Similar to the spectra recorded with hRpn2-bound hRpn13 present, we detected NOE interactions between distal ubiquitin L73 and proximal ubiquitin R54 or Y59 for the free K48-diubiquitin sample (Figure 5D, right panel). These NOEs were weaker compared to when hRpn2-bound hRpn13 was present (Figure 5D, right panel versus 4B) and also compared to the NOEs representative of the K48-diubiquitin ‘closed’ conformation (Figure 5D).
Altogether, our data indicate that free K48-diubiquitin exists in solution predominately in the ‘closed’ conformation, but also in an extended conformation that orients distal L73 towards a proximal ubiquitin surface at R54 and Y59 and that this latter conformational state is selected for by hRpn2-bound hRpn13 (Figure 5E); for simplicity, we henceforth refer to this state as ‘extended’. The extended K48-diubiquitin state is dynamic but does not include the ‘open’ conformation observed by x-ray crystallography (Figure S4D), which does not orient distal L73 towards the Y59-centered proximal ubiquitin surface.
Comparison with previous structures of hRpn13 complexes with ubiquitin
hRpn2-bound hRpn13 Pru complexed with monoubiquitin has been crystallized to have two conformational states per asymmetric unit, which superimpose onto hRpn2-hRpn13 Pru bound to the proximal ubiquitin with an RMSD of 0.968 Å (Figure 6A, dark red) or 0.963 Å (Figure 6A, gray) (VanderLinden et al., 2017). Thus, the binding interactions in these complexes are similar. Some subtle differences exist involving L8 and as expected, K48. In the crystal structures, ubiquitin L8 is spatially close to hRpn13 F76 and P77 (for PDB 5V1Y-1) or F76, P77 and P131 (for PDB 5V1Y-2) (Figure 6B, red and gray). We detected intermolecular NOE interactions from proximal or distal ubiquitin L8 to hRpn13 F76 (Figure S3) but not to P77 or P131. Both proximal and distal ubiquitin I44 and V70 also have NOEs to hRpn13 F76 (Figure S3). Thus, in Ternary-P and Ternary-D, proximal L8 is close to hRpn13 F76, but further away from P77 and P131 than in the crystal structures with monoubiquitin (Figure 6B).

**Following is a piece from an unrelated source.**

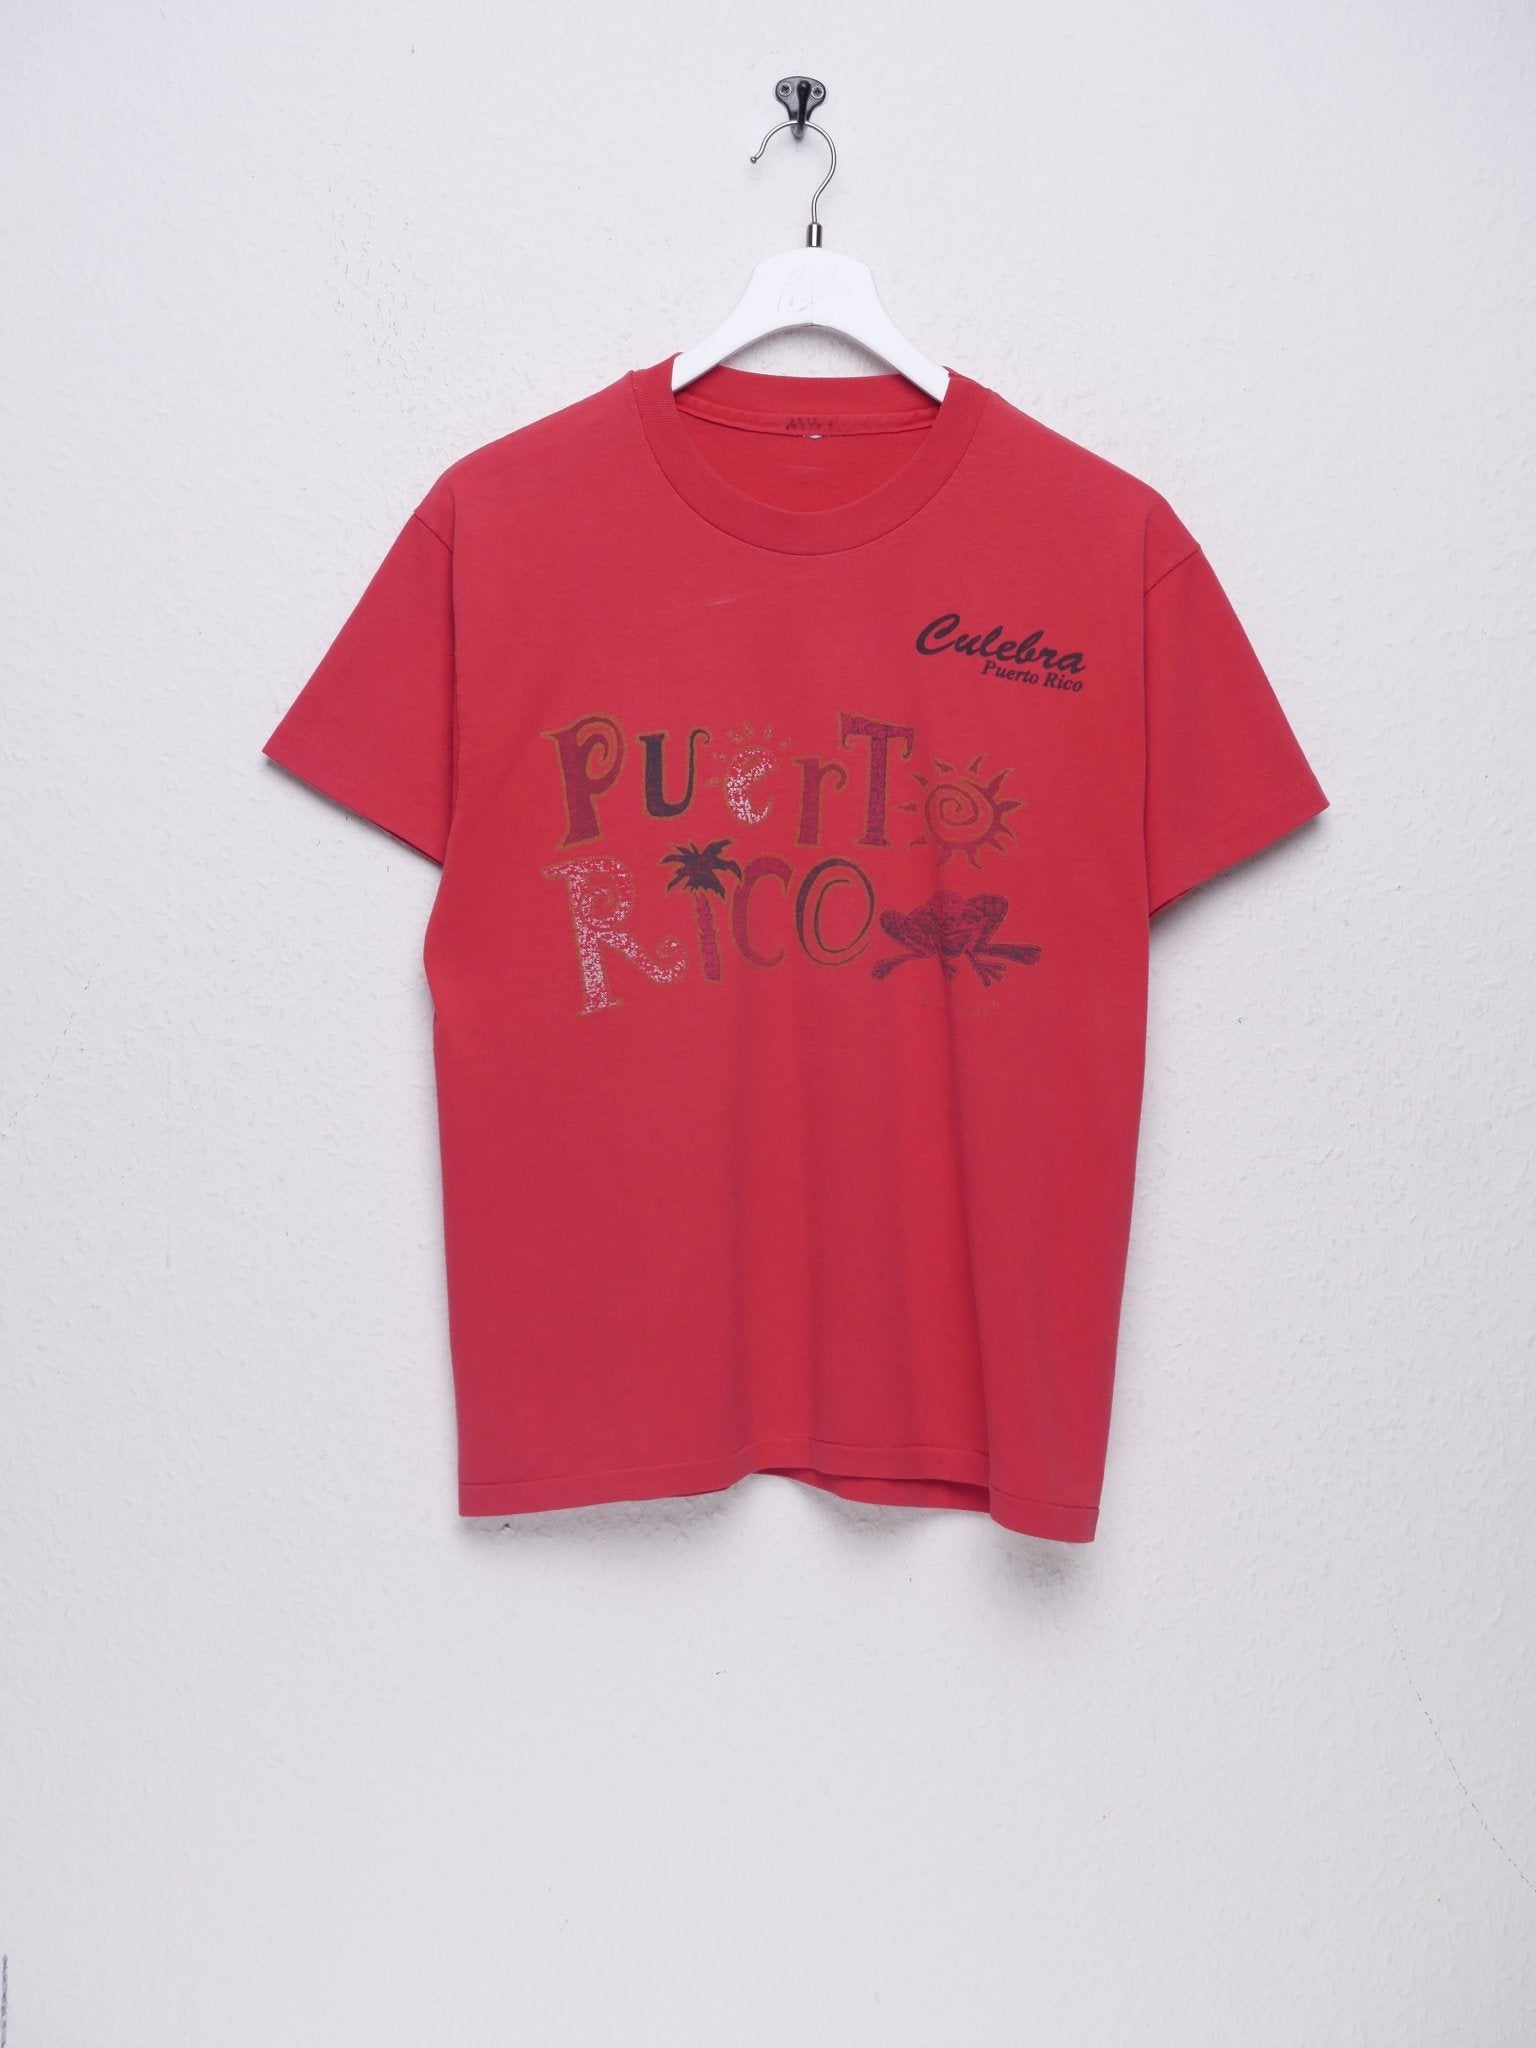 'Puerto Rico' printed red Shirt - Peeces

In the crystal structures with monoubiquitin, K48 adopts multiple conformations (Figure 6C, red, gray or black). When linked to G76 however K48 converges (Figure 1C) to interact with hRpn13 L73 and K103 (Figure 6C). These interactions are indicated by myriad NOEs between these residues (Figures 3D and S1). The isopeptide bonded K48 sidechain is closer to hRpn13 L73 methyl groups compared to in the structures with monoubiquitin (Figure 6C), a conformational change likely favored by loss of the positive charge. In addition, the aforementioned hydrogen bond between the hRpn13 K103 ε-ammonium group and the carbonyl oxygen of the isopeptide bonded ubiquitin G76 is enabled by the shifting of proximal ubiquitin K48 towards hRpn13 K103 (Figure 6C).

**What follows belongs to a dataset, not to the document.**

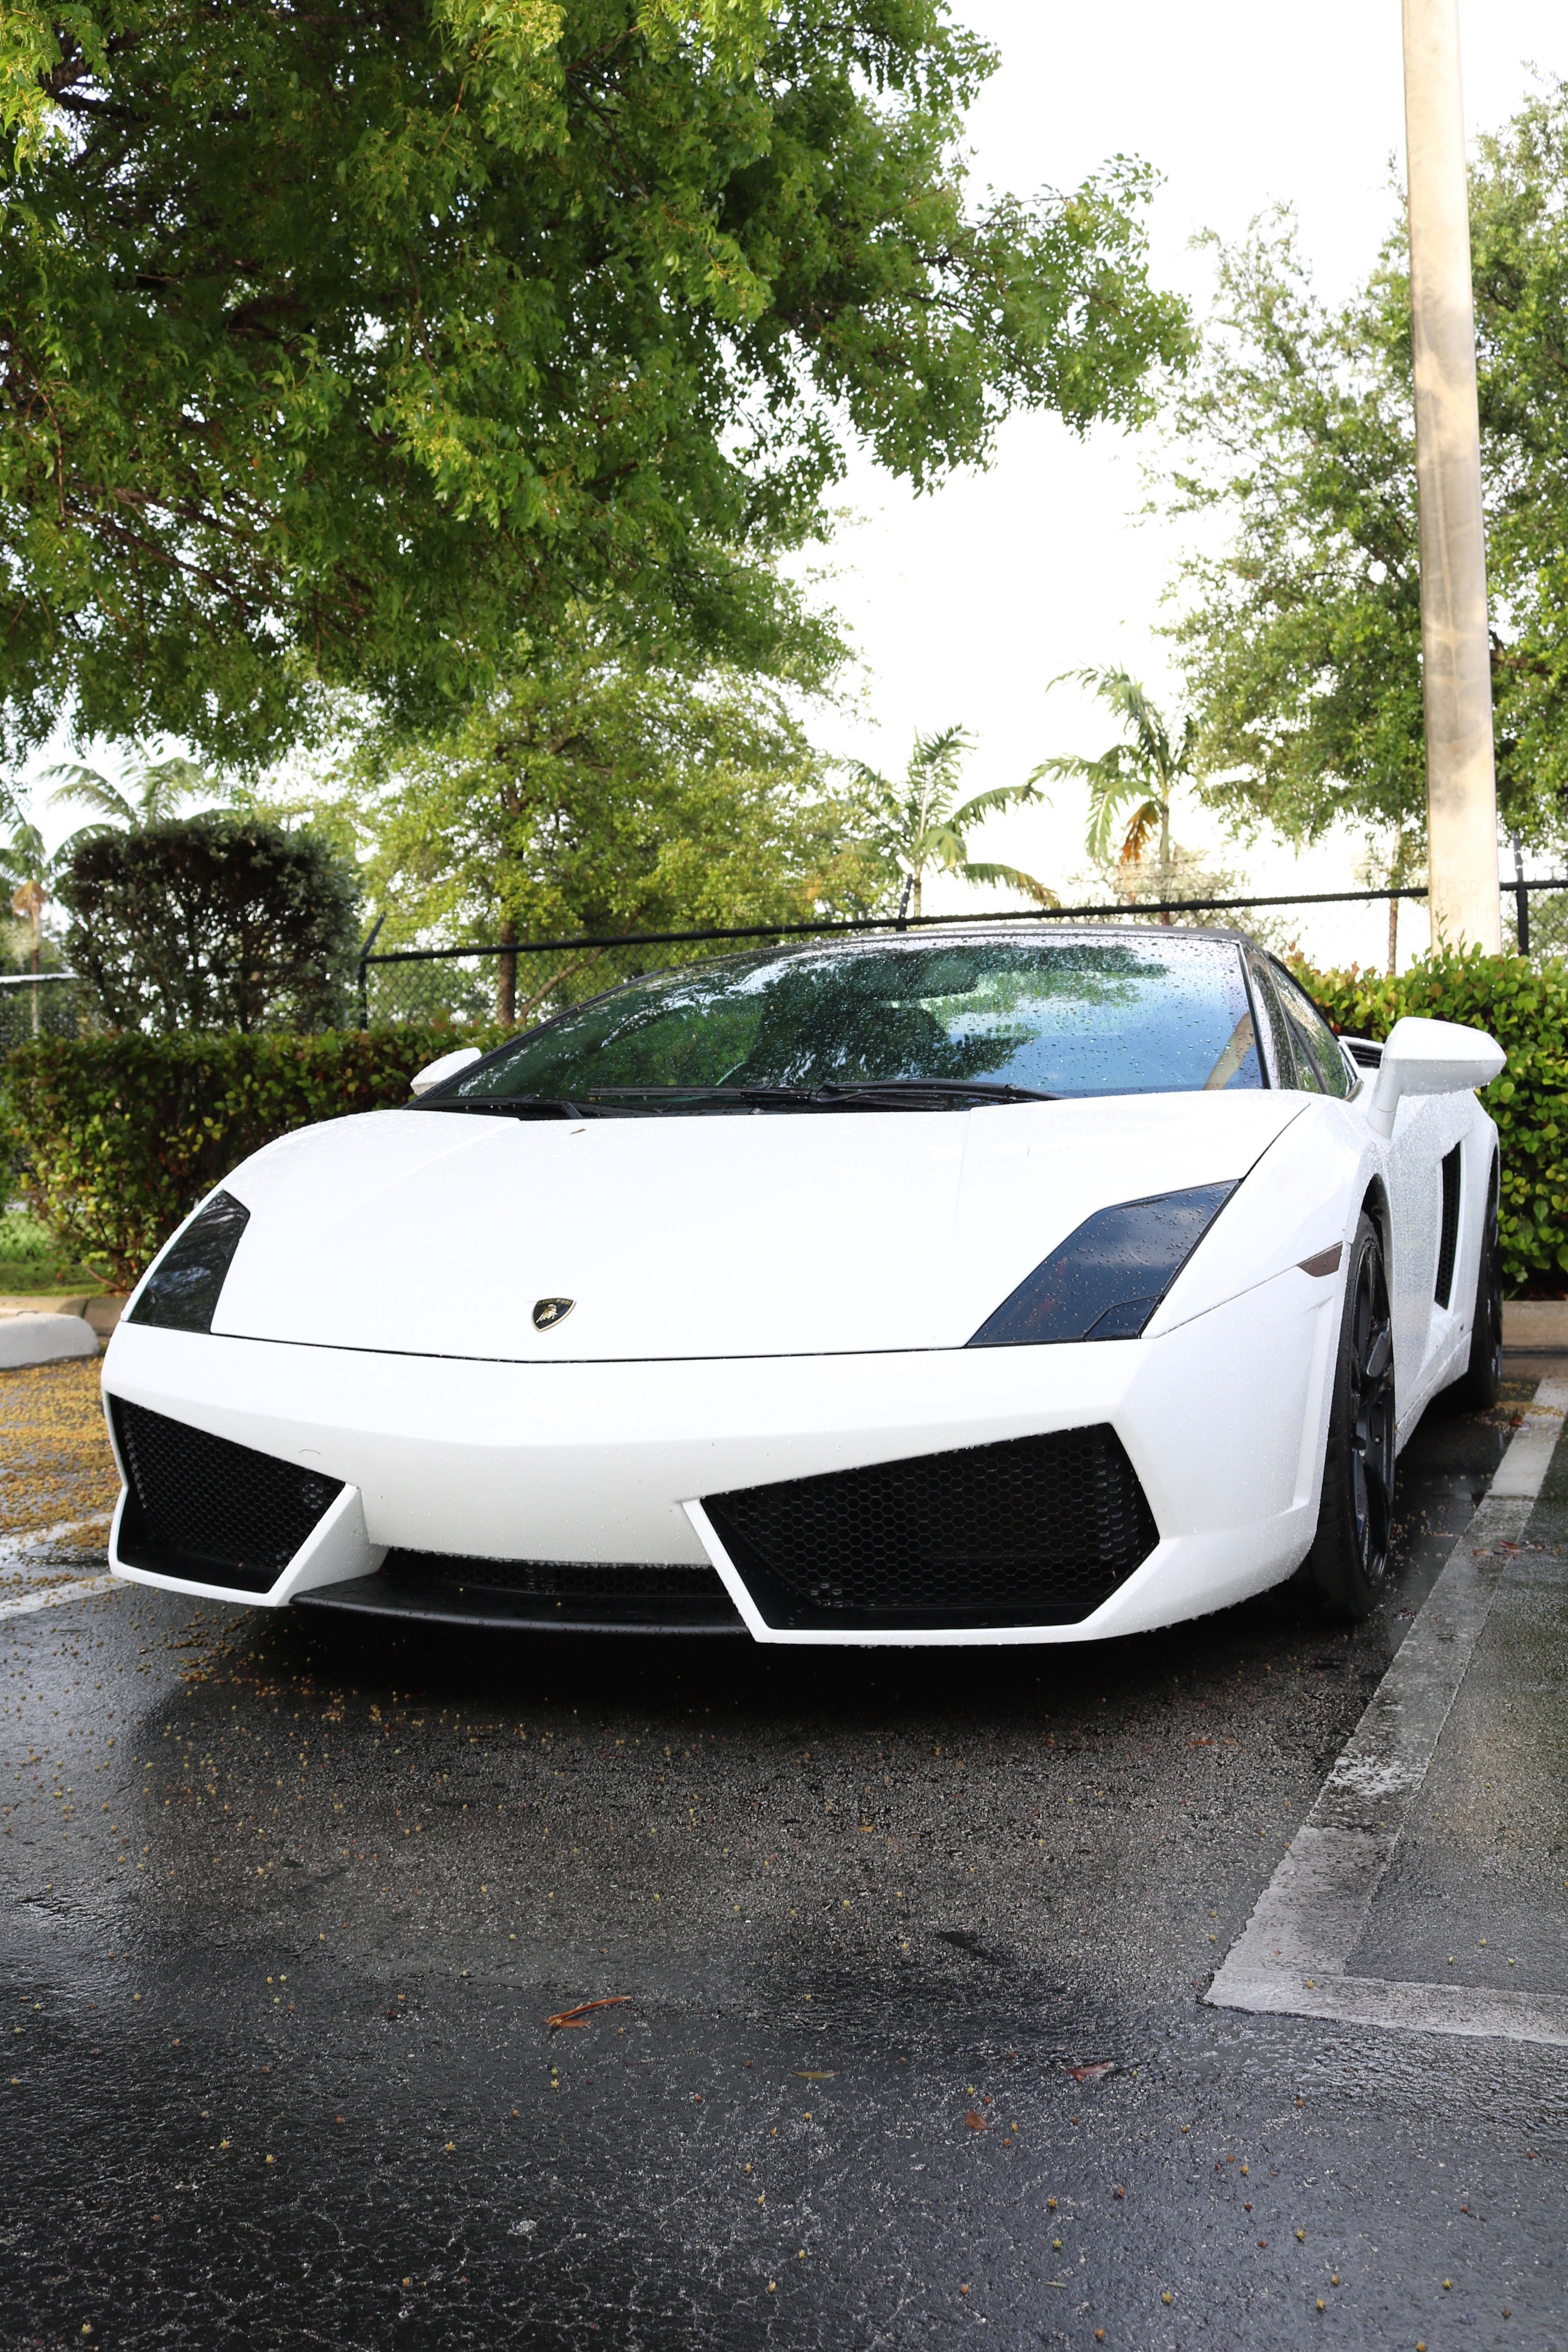 MPH Club Luxury Transportation Concierge in Florida - The Luxury

Previously, a structure determined by NMR was reported for hRpn13 Pru complexed with K48-diubiquitin (PDB-5YMY, (Liu et al., 2019)). In contrast to our structure, this structure reports only one configuration for hRpn13 binding to K48-diubiquitin with both ubiquitins binding to hRpn13 at the same time (Figure 6D, bottom panel). The differences between our structure and 5YMY are not caused by hRpn2, as 13C-half-filtered NOESY spectra recorded on a mixture of 0.25 mM 13C-labeled hRpn13 Pru with 1.2-fold molar excess unlabeled monoubiquitin without and with hRpn2 (940–953) detected identical NOE interactions (Figure 6E, top versus bottom panel). This finding is consistent with our previous demonstration that hRpn2 has no effect on ubiquitin binding for the single domain hRpn13 Pru fragment; however, hRpn2 does activate ubiquitin binding for full length hRpn13 by abolishing intramolecular interactions between the hRpn13 Pru and DEUBAD domains (Chen et al., 2010).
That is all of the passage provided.